[A Popular History of France From The Earliest Times by Francois Pierre Guillaume Guizot]@TWC D-Link bookA Popular History of France From The Earliest Times CHAPTER LVII 71/86
Hyder Ali had already been many times disappointed.
The preceding year Admiral d'Orves had appeared on the Coromandel coast with a squadron; the Sultan had sent to meet him, urging him to land and attack Madras, left defenceless; the admiral refused to risk a single vessel or land a single man, and he returned without striking a blow to Ile-de-France.

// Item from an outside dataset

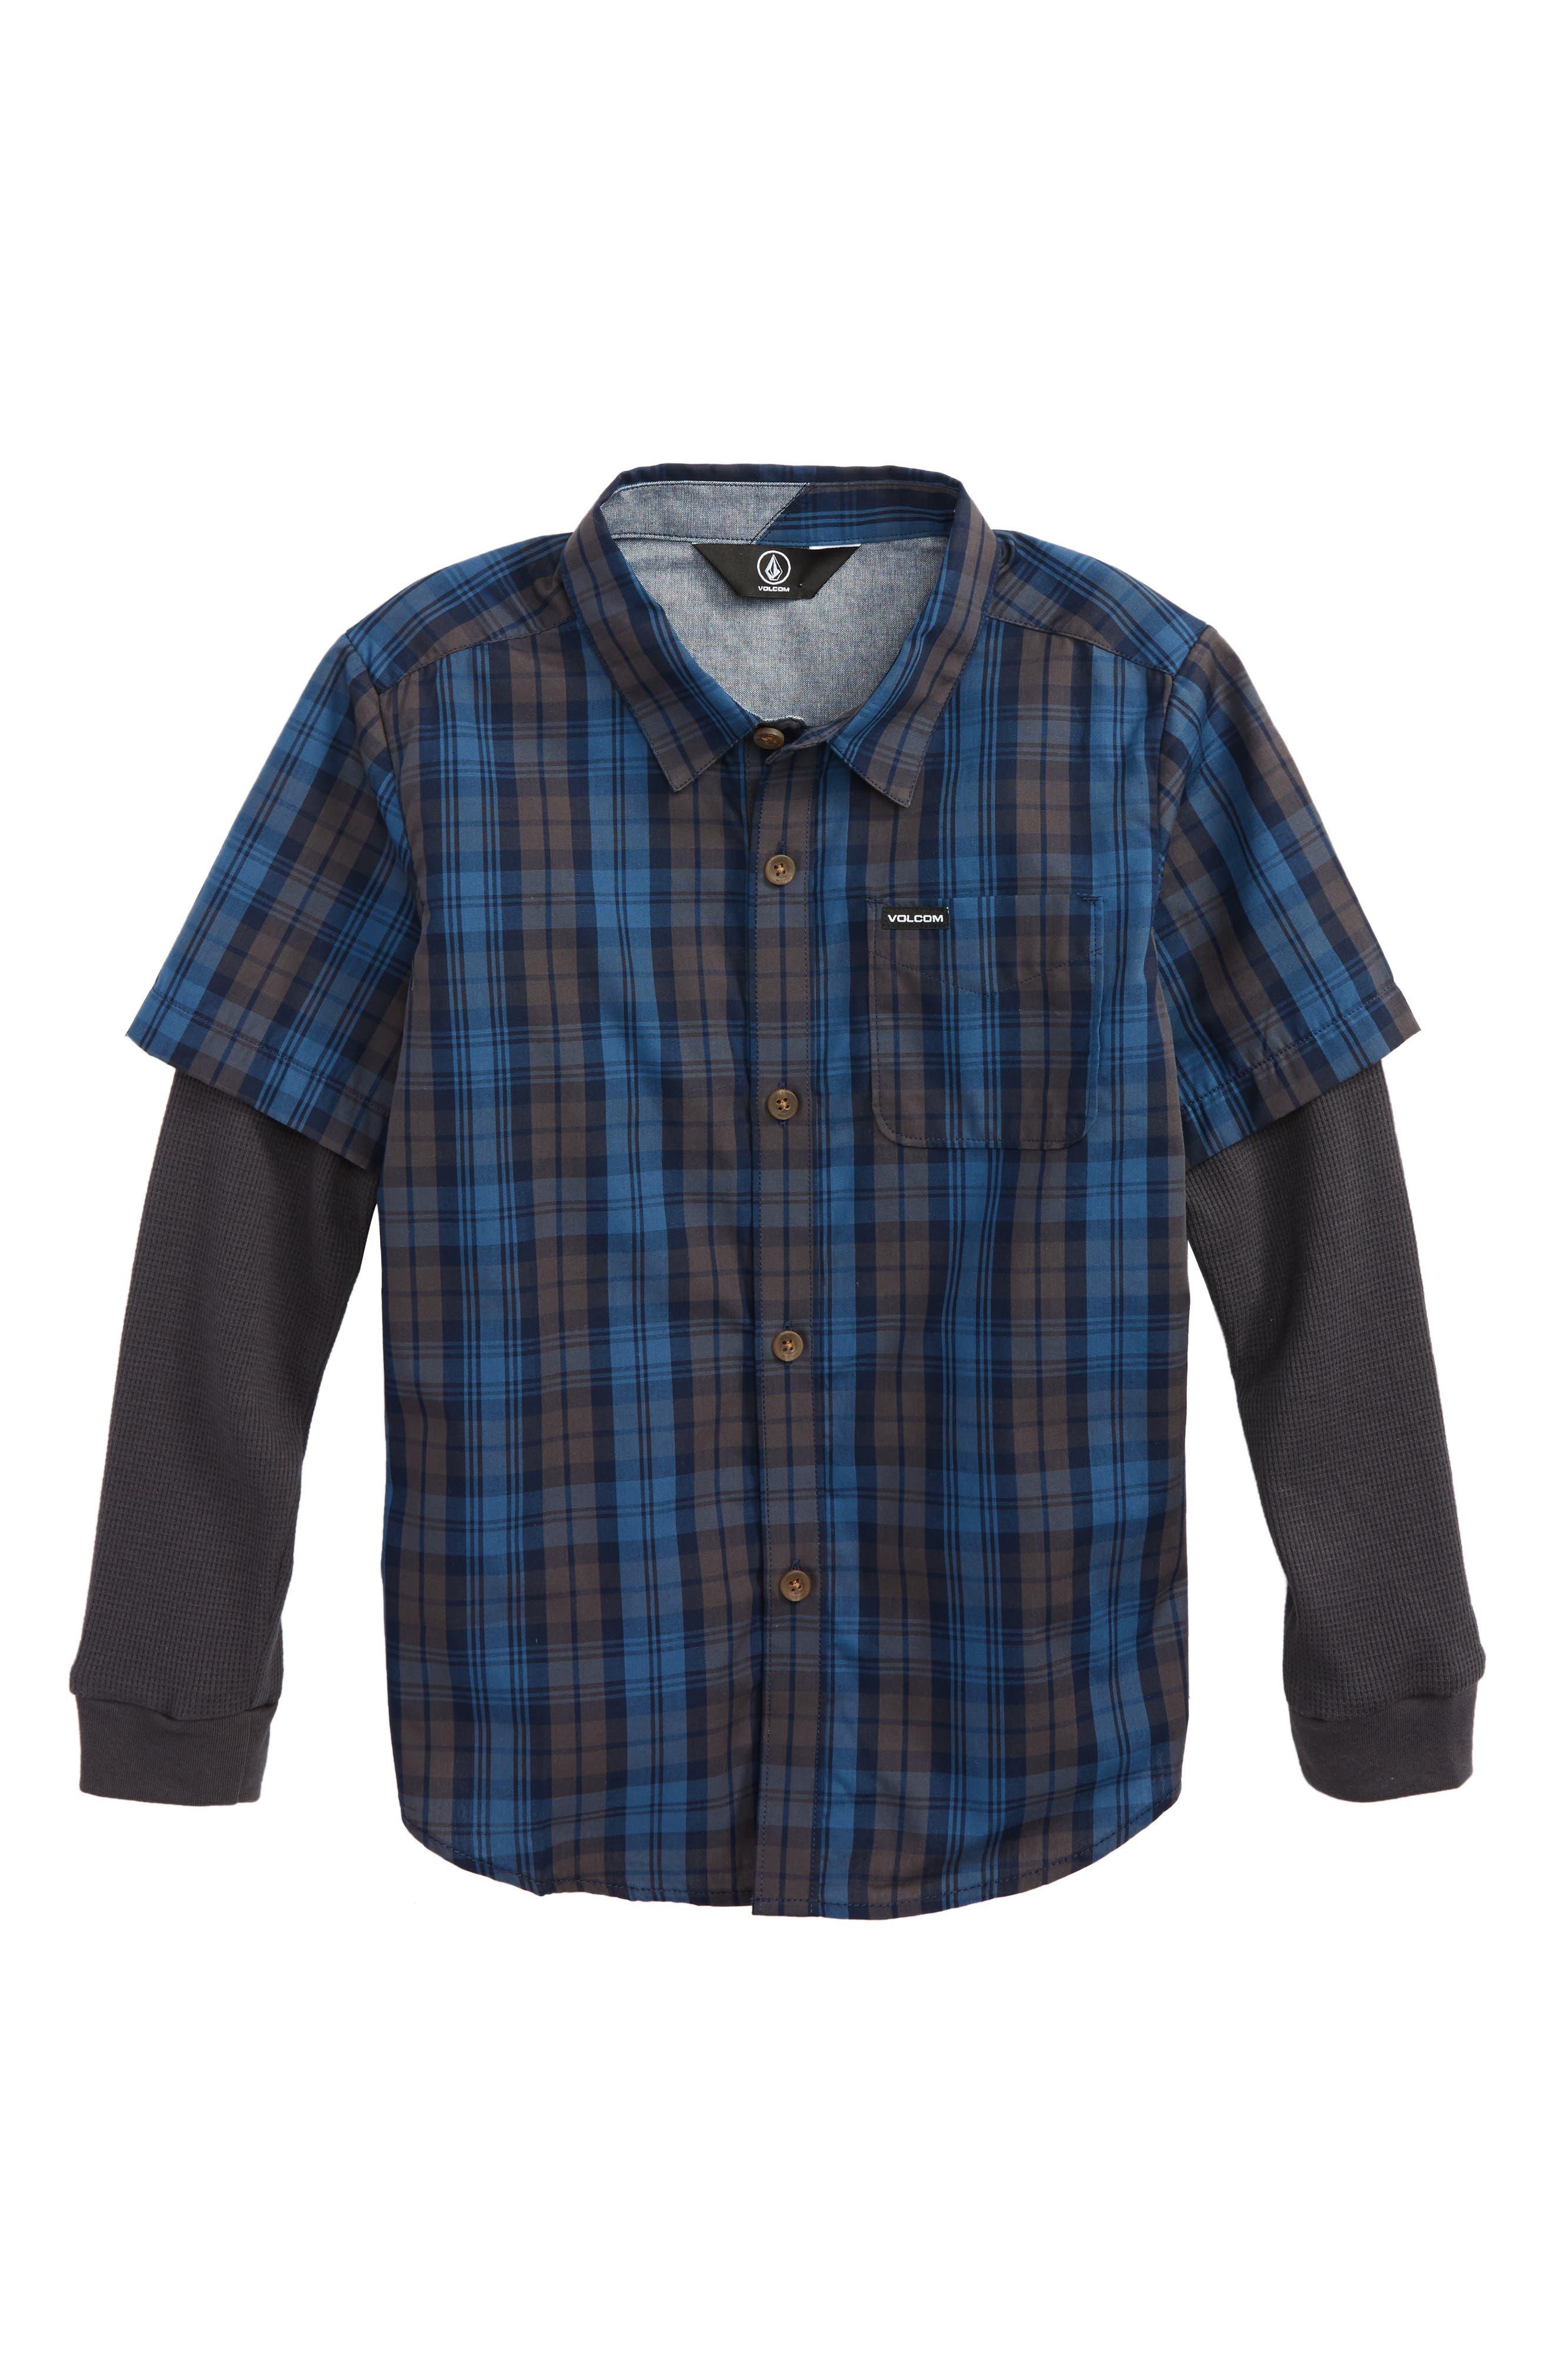 Ignition Layered Woven Shirt,                             Main thumbnail 1, color,                             405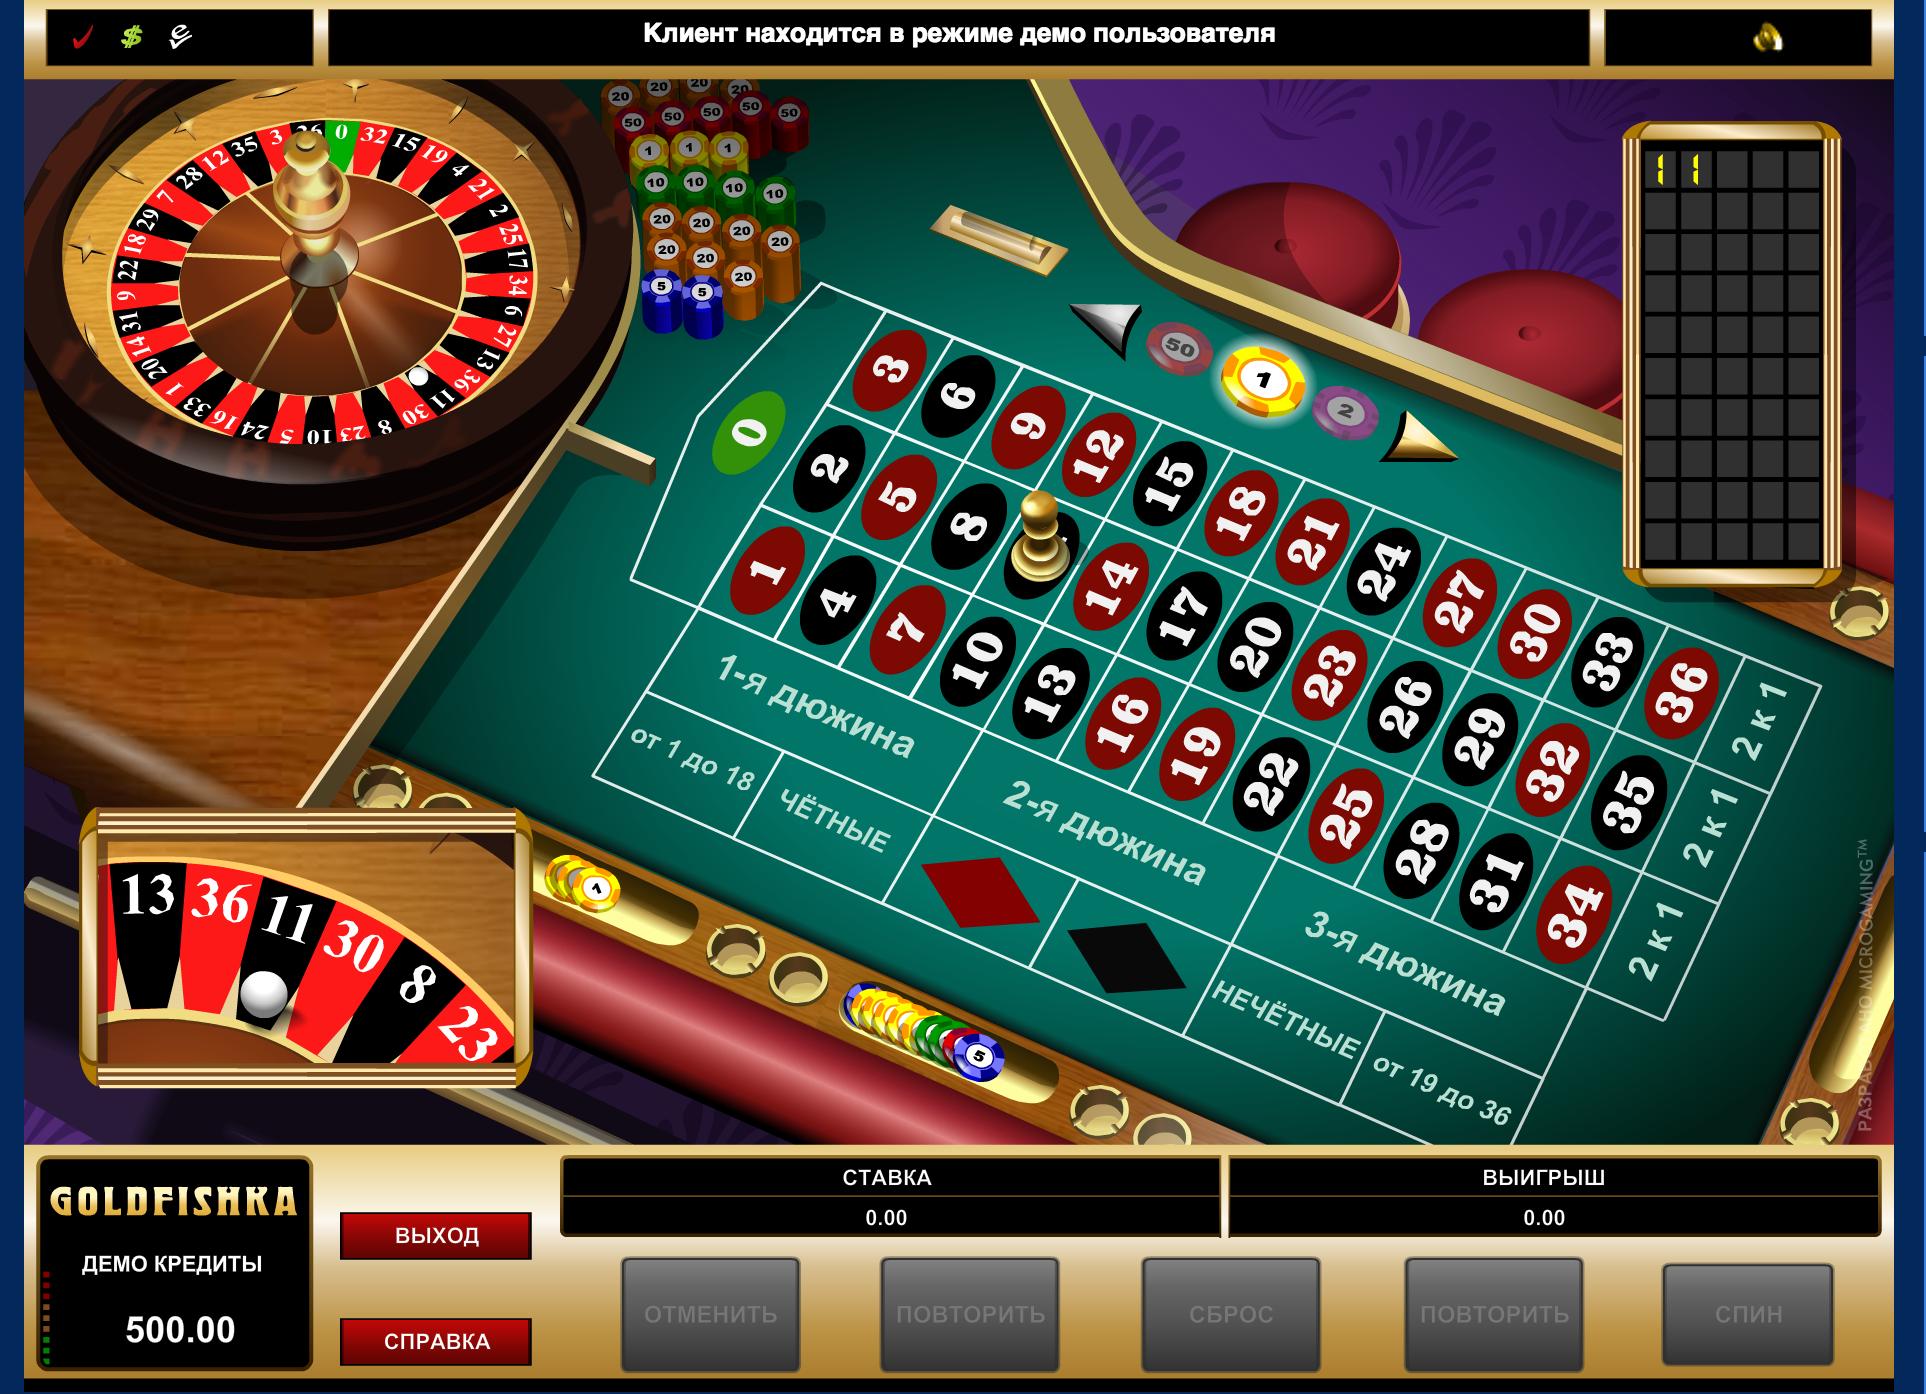 Вертуальные игровые автоматы на виртуальные деньги royal casino играть

Ever indomitable and enterprising, Hyder Ali hoped better things of the new-comers; he was not deceived. Born at St.Cannat in Provence, on the 13th of July, 1726, of an old and a notable family amongst the noblesse of his province, Peter Andrew de Suffren, admitted before he was seventeen into the marine guards, had procured his reception into the order of Malta; he had already distinguished himself in many engagements, when M.de Castries gave him the command of the squadron commissioned to convey to the Cape of Good Hope a French garrison promised to the Dutch, whose colony was threatened.
The English had seized Negapatam and Trincomalee; they hoped to follow up this conquest by the capture of Batavia and Ceylon.
Suffren had accomplished his mission, not without a brush with the English squadron commanded by Commodore Johnston.